Open XML - find and replace multiple placeholders in document template [duplicate]

I know there are many posts on SO about this topic, but none seems to treat this particular issue. I'm trying to make a small generic document generator POC. I'm using Open XML.

The code goes like this:

   private static void ReplacePlaceholders<T>(string templateDocumentPath, T templateObject)
        where T : class
    {

        using (var templateDocument = WordprocessingDocument.Open(templateDocumentPath, true))
        {
            string templateDocumentText = null;
            using (var streamReader = new StreamReader(templateDocument.MainDocumentPart.GetStream()))
            {
                templateDocumentText = streamReader.ReadToEnd();
            }

            var props = templateObject.GetType().GetProperties();
            foreach (var prop in props)
            {
                var regexText = new Regex($"{prop.Name}");
                templateDocumentText =
                    regexText.Replace(templateDocumentText, prop.GetValue(templateObject).ToString());
            }

            using var streamWriter = new StreamWriter(templateDocument.MainDocumentPart.GetStream(FileMode.Create));
                streamWriter.Write(templateDocumentText);
        }
    }

The code works as intended. Problem is the following:

StreamReader.ReadToEnd() splits my placeholders between tags, so my Replace method, replaces only the words which won't get split.

In this case, my code will search for the word "Firstname" but will find "irstname" instead, so it won't replace it.

Is there any way to scan the whole .docx word by word and replace them?

(edit) A partial solution / workaround I found: - I noticed that you have to write the placeholder in the .docx at once (without reediting it). For example if I write "firstname", then come back and modify it to "Firstname" it will split the word into "F" "irstname". Without editng it will be unsplitted.

TLDR

In short words, the solution to your problem is to use the OpenXmlRegex utility class of the Open-Xml-PowerTools as demonstrated in the unit test further below.

WHY?

Using Open XML, you can represent the same text in multiple ways.
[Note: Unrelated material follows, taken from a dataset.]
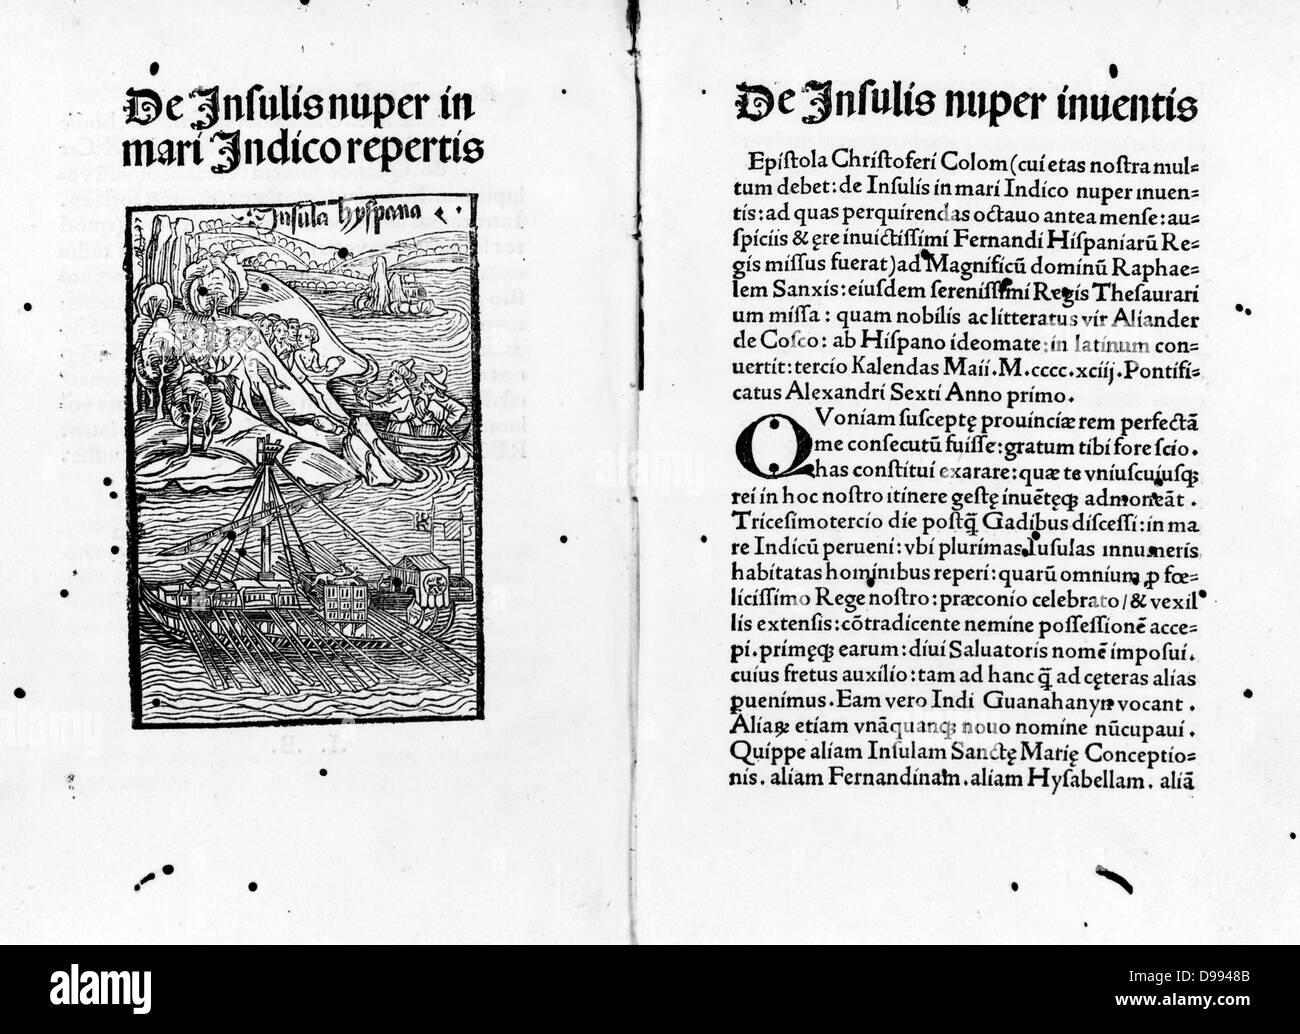 De insulis nuper in Mari Indico repertis [and] de insulis nuper inventis Illustration by Carlo Verardi, 1440-1500. - Stock Image

If Microsoft Word is involved in creating that Open XML markup, the edits made to produce that text will play an important part. This is because Word keeps track of which edits were made in which editing session. So, for example, the w:p (Paragraph) elements shown in the following extreme scenarios represent precisely the same text. And anything between those two examples is possible, so any real solution must be able to deal with that.

Extreme Scenario 1: Single `w:r` and `w:t` Element

The following markup is nice and easy:

<w:p>
  <w:r>
    <w:t>Firstname</w:t>
  </w:r>
</w:p>

Extreme Scenario 2: Single-Character `w:r` and `w:t` Elements

While you typically won't find the following markup, it represents the theoretical extreme in which each character has its own w:r and w:t element.

<w:p>
  <w:r>
    <w:t>F</w:t>
    <w:t>i</w:t>
    <w:t>r</w:t>
    <w:t>s</w:t>
    <w:t>t</w:t>
    <w:t>n</w:t>
    <w:t>a</w:t>
    <w:t>m</w:t>
    <w:t>e</w:t>
  </w:r>
</w:p>

Why did I use this extreme example if it does not occur in practice, you might ask? The answer is that it plays an essential role in the solution in case you want to roll your own.

HOW TO ROLL YOUR OWN?

To do it right, you must:

transform the runs (w:r) of your paragraph (w:p) into single-character runs (i.e., w:r elements with one single-character w:t or one w:sym each), retaining the run properties (w:rPr);
perform the search-and-replace operation on those single-character runs (using a few other tricks); and
considering the potentially different run properties (w:rPr) of the runs resulting from the search-and-replace action, transform such resulting runs back into the fewest number of "coalesced" runs required to represent the text and its formatting.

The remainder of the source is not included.